И рядом с ними я стою.
Привыкшая к политике доступной киски Лены, я пытаюсь поднять Киркланд, но чувствую сопротивление. Споткнувшись на ровном месте, драматично вздыхаю.
— Ну давай. Мой кайф скоро пройдет, Кирк.
— Ты уверена, что с тобой все будет хорошо? — Губы Киркланд сжимаются, когда она смотрит на налитые кровью глаза Лены.
Лена отмахивается от нее взмахом кисти.
— Куколка, я справлялась с членами задолго до того, как вы две выучили алфавит. А теперь идите в свою песочницу. Эта территория моя. Чмок-чмок, сладенькие.
— Позвони нам, когда вернешься домой, — выпаливает Киркланд, когда я тащу ее вниз по лестнице.

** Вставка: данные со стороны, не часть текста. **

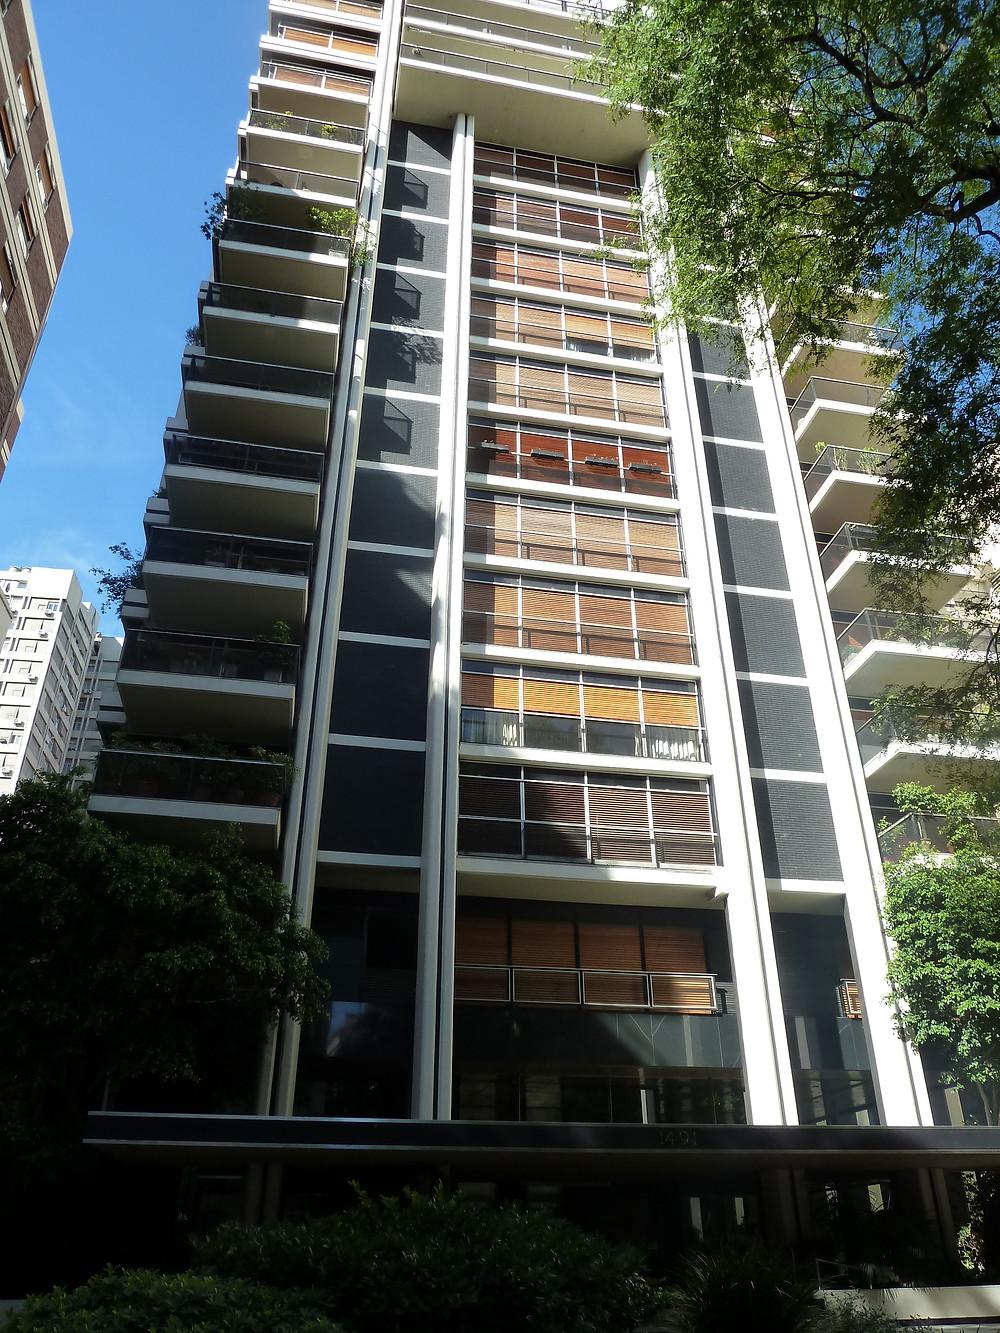 Modern Building in Recoletta Neighborhood of Buenos Aires

Просто, чтобы последнее слово осталось за мной, я кричу у выхода из VIP-зоны, окруженного охраной по обеим сторонам:
— Не забудь потом приложить лед к своей вагине! У тебя завтра съемка в купальнике и ты вряд ли захочешь светить мясными бортами, шлюшка.
Гортанный смех Лены раздается эхом позади меня, когда прохладный воздух Лос-Анджелеса развевает мои светлые локоны вокруг лица.
Как только мои «Лабутены» ступают на тротуар, твердая грудь преграждает мне дорогу.
— Подождите здесь, мисс Уэст. Я подгоню вашу машину.
Вот в чем проблема известности. Мне нравится внимание. Я люблю людей, готовых наклониться и подставить свою задницу в угоду мне. Что мне не нравится, так это когда меня учат, типа как этот парень, чем дико сейчас злит.
— Они тебе понадобятся. — Вытащив ключи из сумочки LouisVuitton, размахиваю ими вокруг пальца. Как только он бросается за ними, я прижимаю ладонь к груди. — Не стоит забывать, кто платит тебе зарплату.
Вокруг меня вспыхивают огни, но я слишком заведена, чтобы переживать о толпе папарацци. На протяжении многих лет я научилась не обращать на них внимания. Фотографы — мой хлеб, и если они хотят бесплатный снимок промежности, то так тому и быть. Плохой рекламы не бывает.
— Мисс Уэст, вы слишком много выпили, чтобы сесть за руль, — шепчет охранник. — Как ваш личный телохранитель, я не могу позволить вам сделать это. Пожалуйста, отдайте ключи.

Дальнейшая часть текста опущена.